# I did not want to tell him it was fake



## Stogie (Feb 13, 2007)

A guy at my job just came back from his trip to Mexico and he brought back some Cohibas of course..Big surprise right? He proceeded to tell me how he had the inside on these and such. He gave me one and told me they smoke great but that they might need a bit more age. He got off work about an hour before me so I started looking at the cigar. After about two minutes I was staring at the insides of a Cuban Sandwich haha!

I feel bad that he got scammed but I just can not bring myself to tell him. If they smoke great to him then so be it right?

You guys every seen a fake that someone had? Did you tell them it was fake or just let them be?


----------



## Tarks (Mar 3, 2009)

If he is a friend then I would tell him. If not, let it be.


----------



## asmartbull (Aug 16, 2009)

This comes up often...
I sometimes receive gifts like that,, I just say thanks
and appreciate the gesture.
My buddy just got back from the islands and he told me a similar story as yours.

He loved it (placebo effect),,,,,I could not tell him the truth.

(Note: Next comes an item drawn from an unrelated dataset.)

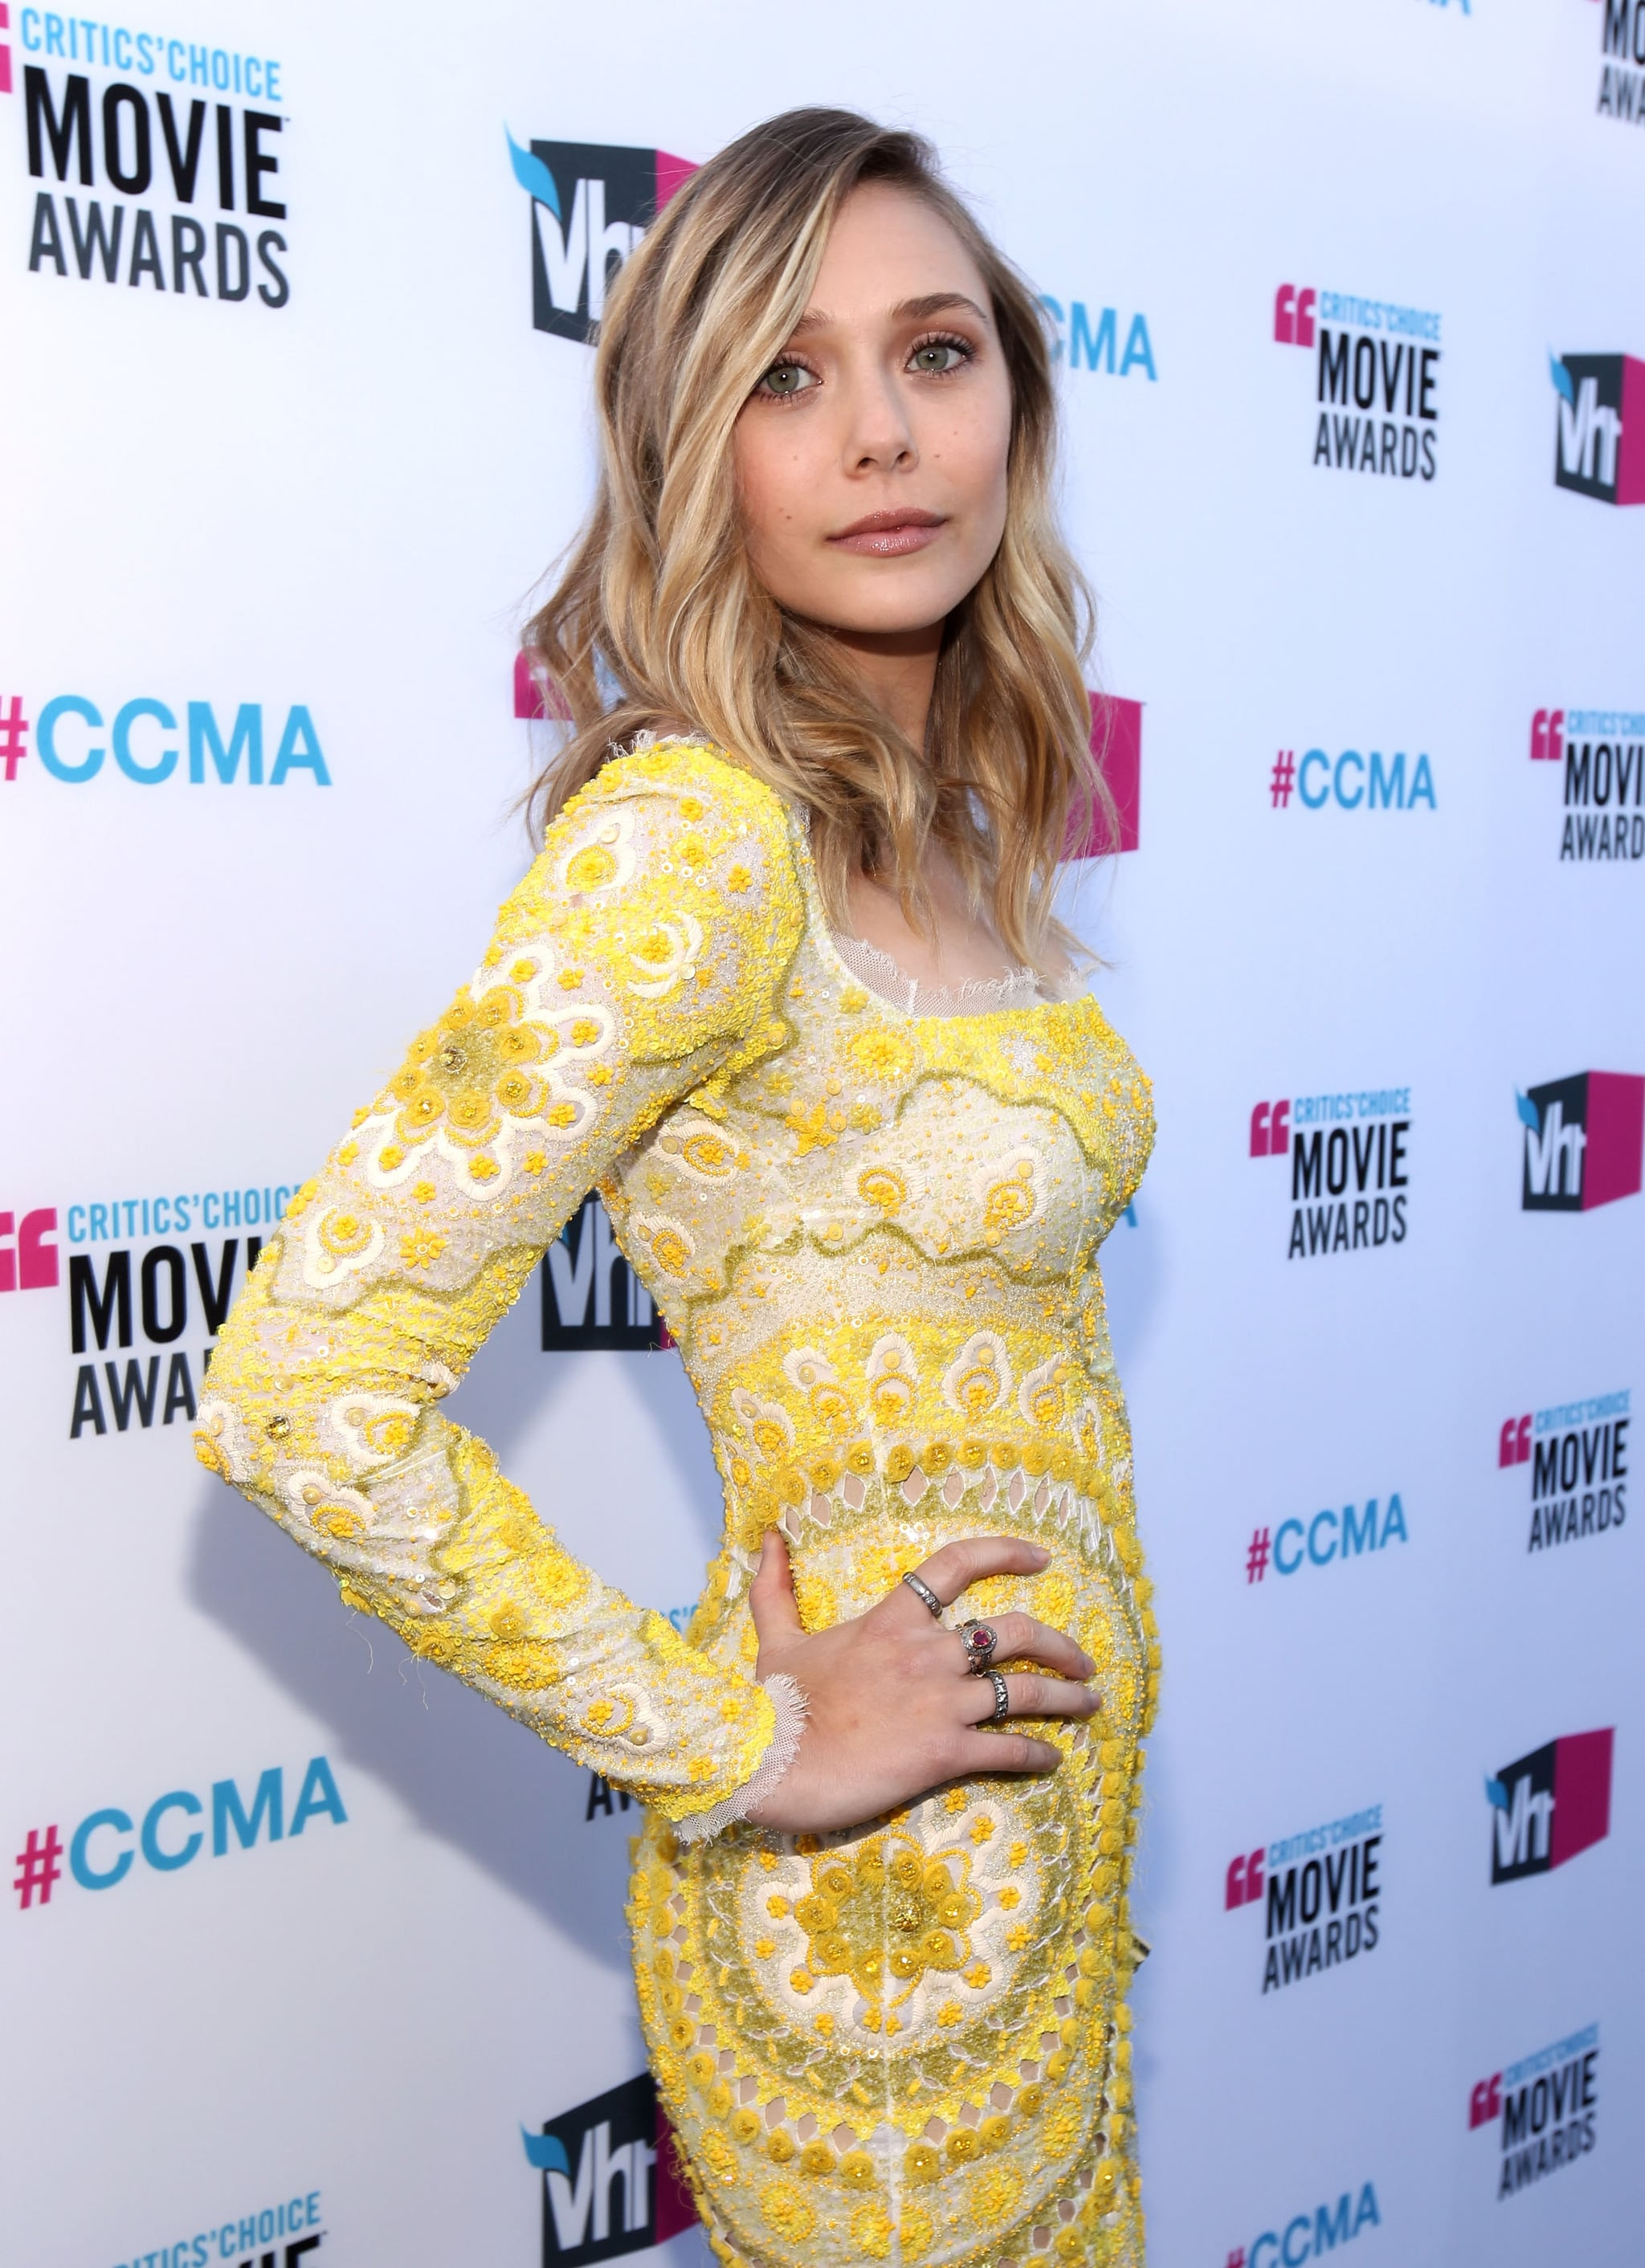 Elizabeth Olsen showed off her yellow Emilio Pucci dress.

However if it was a friend that wanted to get into this great hobby on a regular basis,,,,,I would shed some light on the situation.


----------



## TonyBrooklyn (Jan 28, 2010)

Touchy situation to say the least. Sort of like telling your friend his wife is cheating on him. Tread lightly is my best advice. It really goes on a case by case basis. Another words if he is someone that you know is open minded open to learning criticism etc. By all means educated the guy don't' facilitate his ignorance. But if he is one of those know it all types that lives in denial. Then maybe its best to leave it alone. After all for some. "Ignorance is truly bliss"


----------



## Sigarz (Jul 29, 2006)

Maybe if its within your means you could gift him a real version for him to try, maybe he'll make the connection. otherwise I agree if hes a good friend tell otherwise best to let it be.


----------



## bpegler (Mar 30, 2006)

I just try to be gracious when this happens to me. I will usually return the favor with some real sticks and never say a thing. Then I toss those nasty things away.


----------



## socapots (Feb 22, 2010)

tell him they are fakes..
and show him why.. maybe that way he wont get taken again the next time he goes down,,,
shit i wish i could tell the difference. i got a buddy of mine who goes down on the regular. buys boxes to bring back. they seem ok to me. ive only tried a couple. i personally would love to know the signs of a fake..


----------



## fuente~fuente (May 11, 2009)

A few months ago a guy was showing me some of his stash he brought in to the B&M... He shows me a really blatent fake Cohiba. Not only that, but you'd have to smoke the thing like you were playing a frickin clarinet it had so many beetle holes in it!!! :shock:

I told him about the beetle holes anyway...


----------



## thebayratt (Jun 4, 2009)

A friend just came back from Mexico with a Glass Top box of "Cohibas".
I told him they were fake and told him how to spot they were. So his next trip, he wouldn't get scammed again. He/we smoked them and he actually liked them...... It was one of my worst smokes but...... like what ya smoke and smoke what ya like..... he has no real pallete sense and couldn't tell the diff between a VSG and a V.


----------



## smelvis (Sep 7, 2009)

I would want to know the truth, better a little egg once that repeated every time I give one out!


----------



## thegoldenmackid (Mar 16, 2010)

thebayratt said:


> So his next trip, he wouldn't get scammed again. He/we smoked them and he actually liked them...... It was one of my worst smokes but...... like what ya smoke and smoke what ya like.....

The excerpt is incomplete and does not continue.